Cairns was part of Sky's commentary team for the first test match of the summer against the West Indies. He performed the pitch report on the second day and commentated during the morning session but did not return to the commentary box in the afternoon.

Last night, Sky confirmed it had no plans to use Cairns as a commentator again.

"He is not doing any commentating for Sky going forward," said Sky's head of corporate communications, Kirsty Way.

"He is going to focus on these claims, or supposed claims."

Cairns had made the decision to step down himself and Sky would consider using him again if he was cleared of any wrongdoing, Ms Way said.

"If he is cleared eventually then absolutely. It was Chris' decision to step down. He is innocent until proven guilty."

Cairns wrote of his disappointment at the effect of the accusations on his media career in his Sunday newspaper column.

"Can you begin to imagine how sickening it feels to be the subject of yet more rumour and press speculation now as I am embarking on a media career that is potentially in ruins?" he wrote.

Cairns will tomorrow make his first public appearance since news of the investigation became public. He is due to appear at a press conference to promote his charity boxing match against former commentary box colleague Simon Doull on Saturday night's Fight For Life card.

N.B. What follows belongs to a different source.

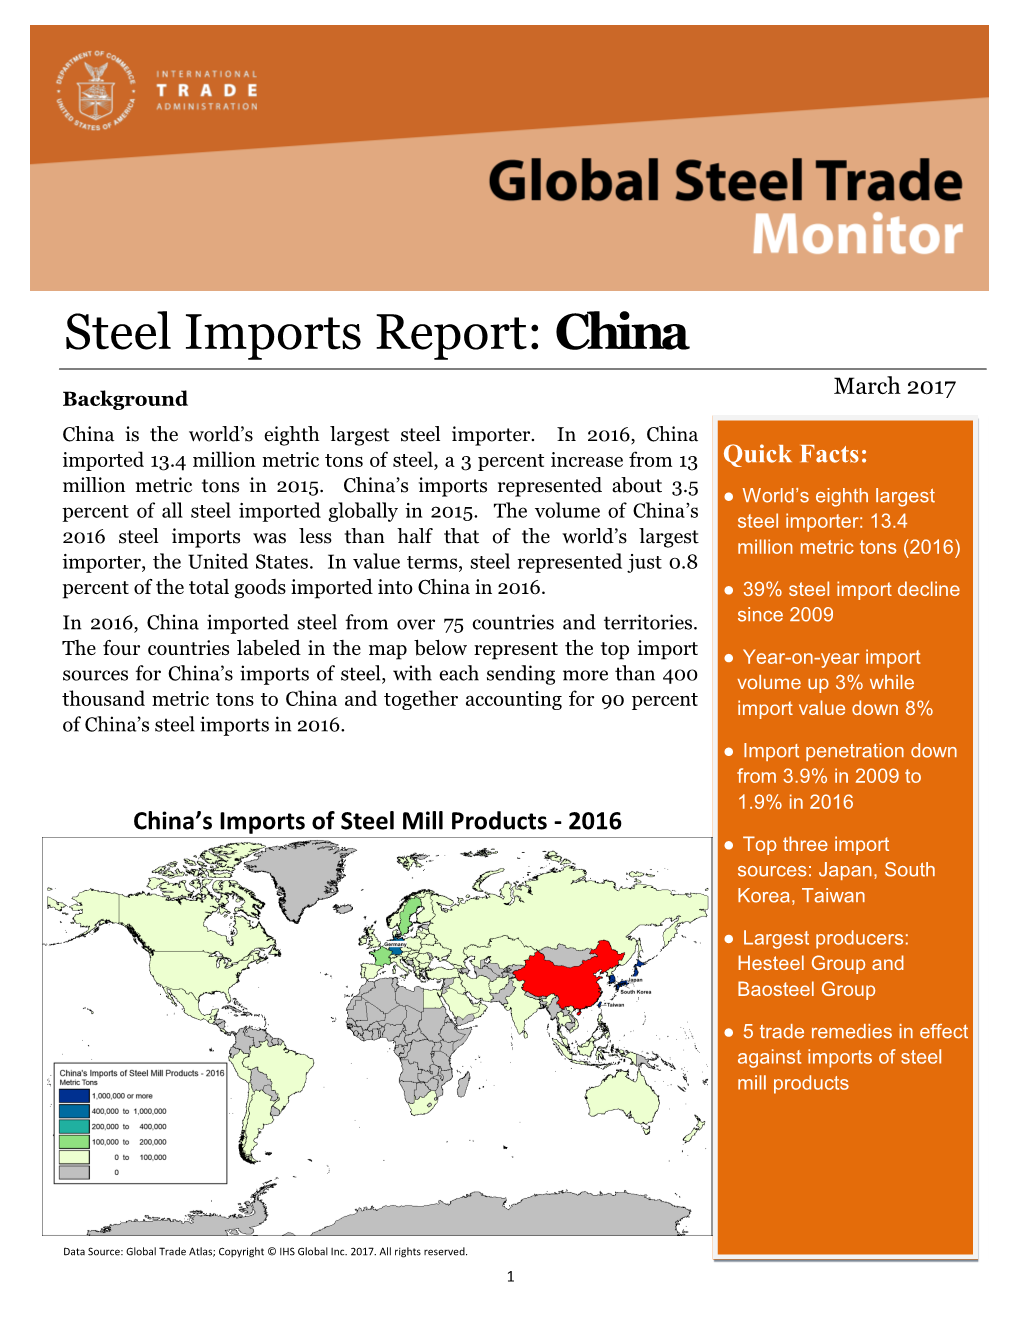 Steel Imports Report: China March 2017 Background China Is the World’S Eighth Largest Steel Importer

Promoter Dean Lonergan said Cairns had assured him he would fight and he expected him to attend the press conference.

"He is 100 per cent going to be fighting," Mr Lonergan said.

"At the end of the day all that is happening is he has an investigation going on. People are jumping to conclusions.

"I thought we lived in a democracy where a man was innocent until proven guilty."

Guest editor John Kirwan says:

I'm sad he's not going to be there. He's a special type of New Zealander - he intrigues me as a man. He's obviously going through a rough time and it's a shame I won't be hearing his voice. When it's over, come back strong.